Work request:
Transcribe the data that follows without changing a word, and omit the pictures.

Stored data:
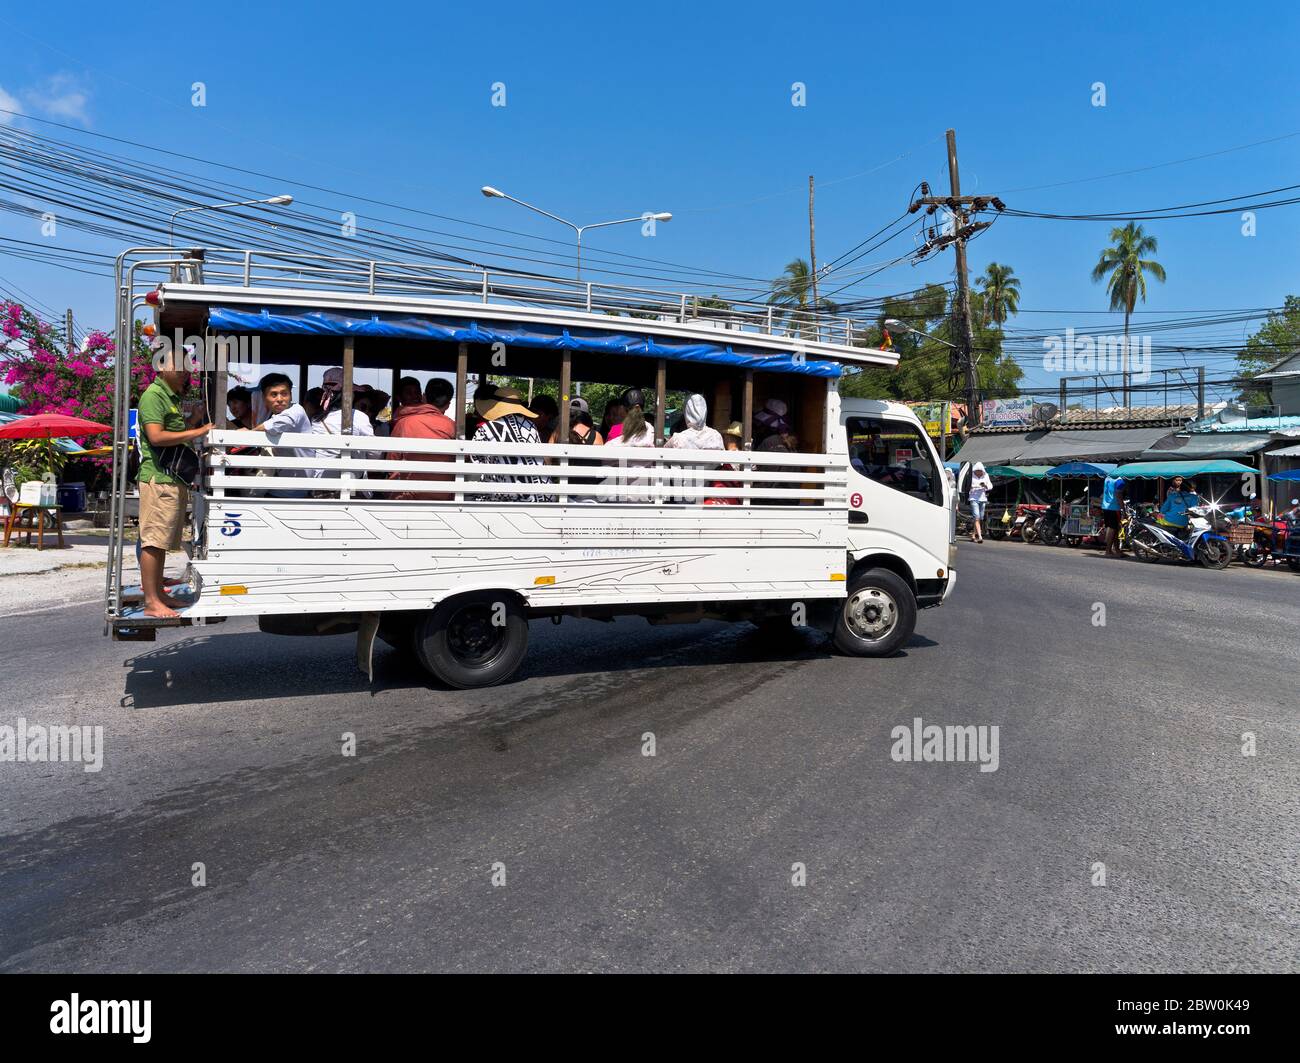 dh Rawai Asian Local bus PHUKET THAILAND Thai Transport with passengers public transportation people locals Stock Photo
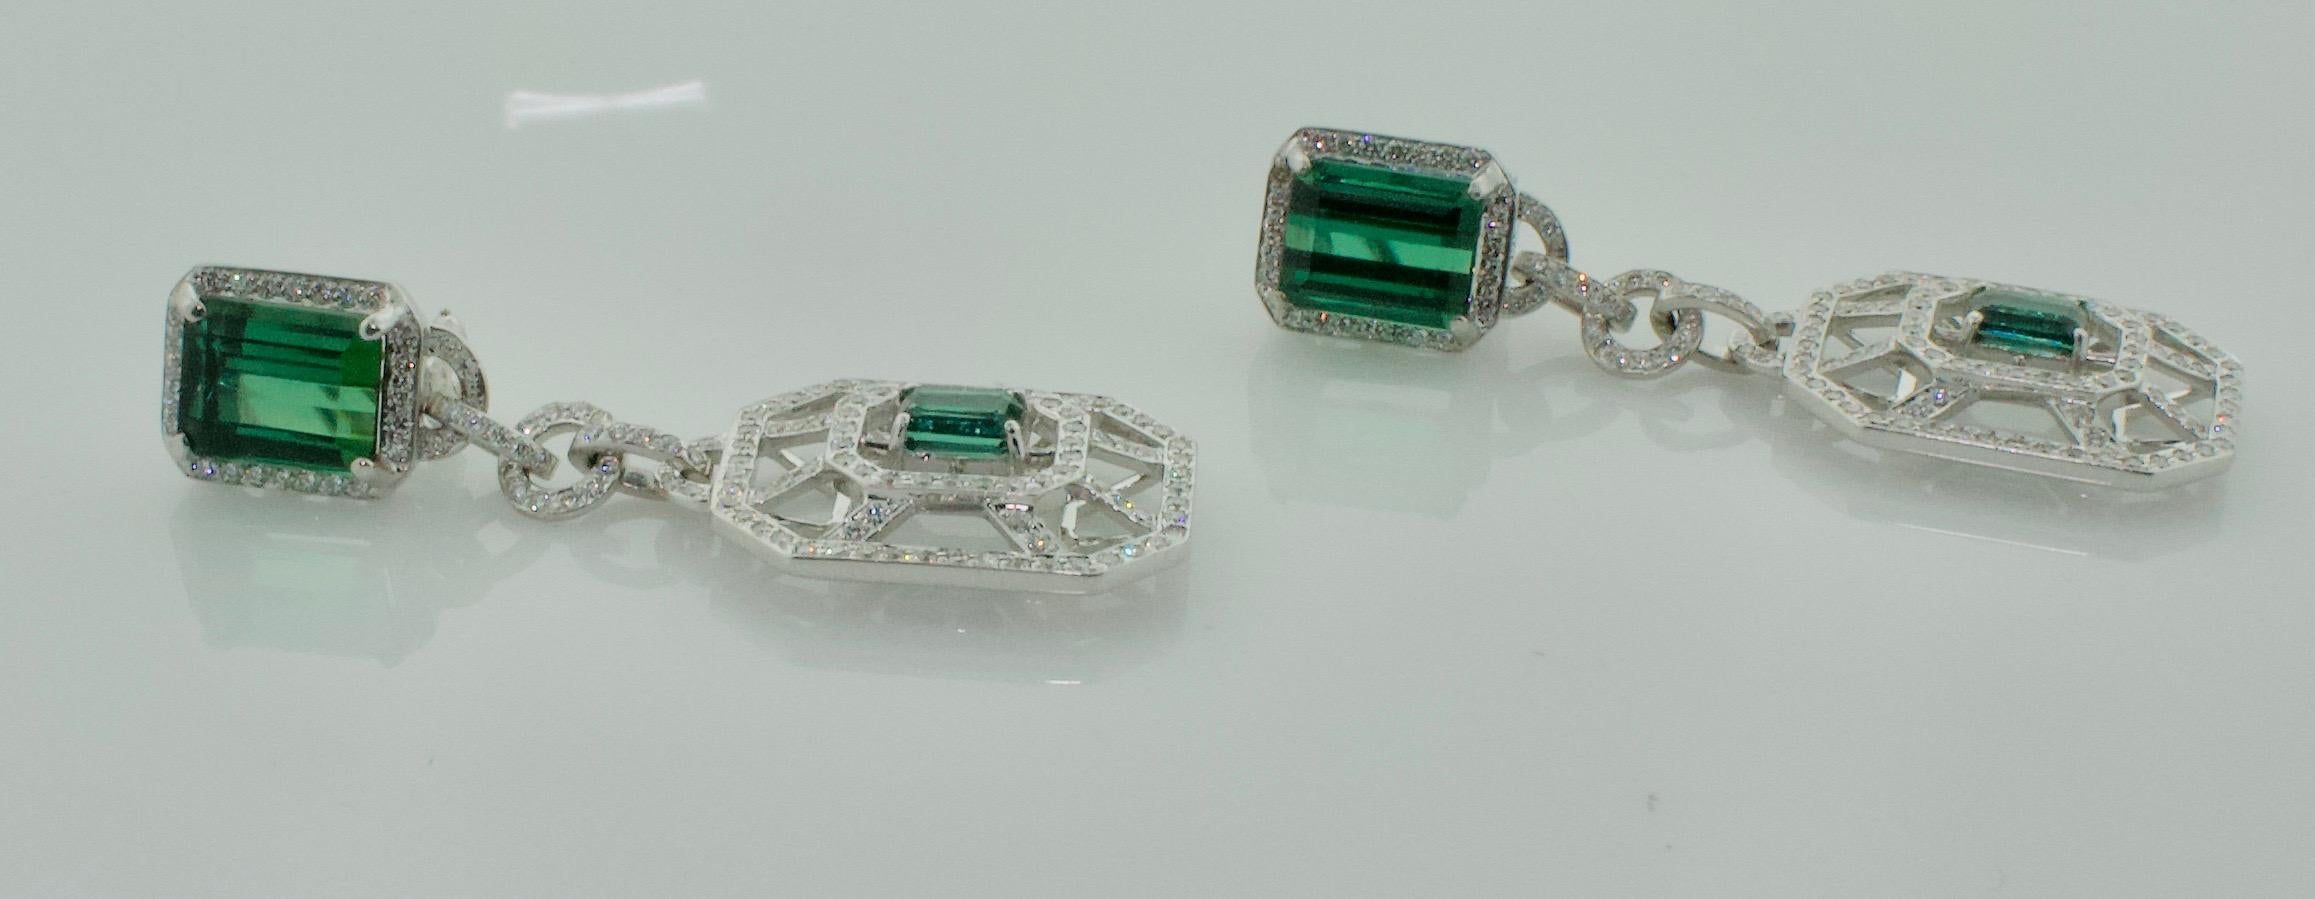 Green Tourmaline and Diamond Dangling Earrings in 18 Karat White Gold In New Condition For Sale In Wailea, HI
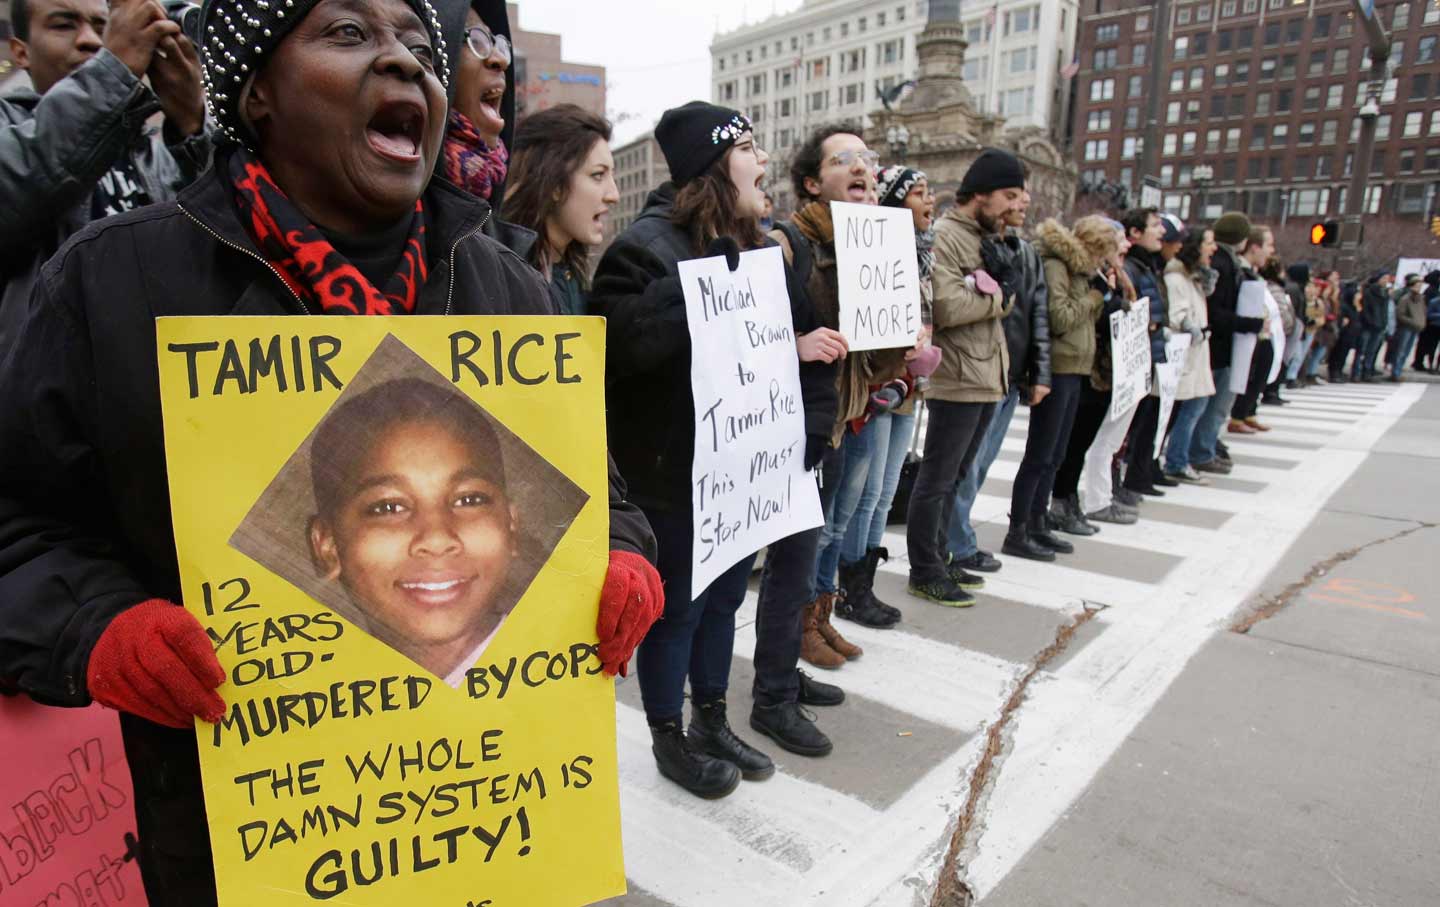 Why Video Evidence Wasn’t Enough to Get Justice for Tamir Rice

Final answer:
 dh Rawai Asian Local bus PHUKET THAILAND Thai Transport with passengers public transportation people locals Stock Photo
 Green Tourmaline and Diamond Dangling Earrings in 18 Karat White Gold In New Condition For Sale In Wailea, HI
 Why Video Evidence Wasn’t Enough to Get Justice for Tamir Rice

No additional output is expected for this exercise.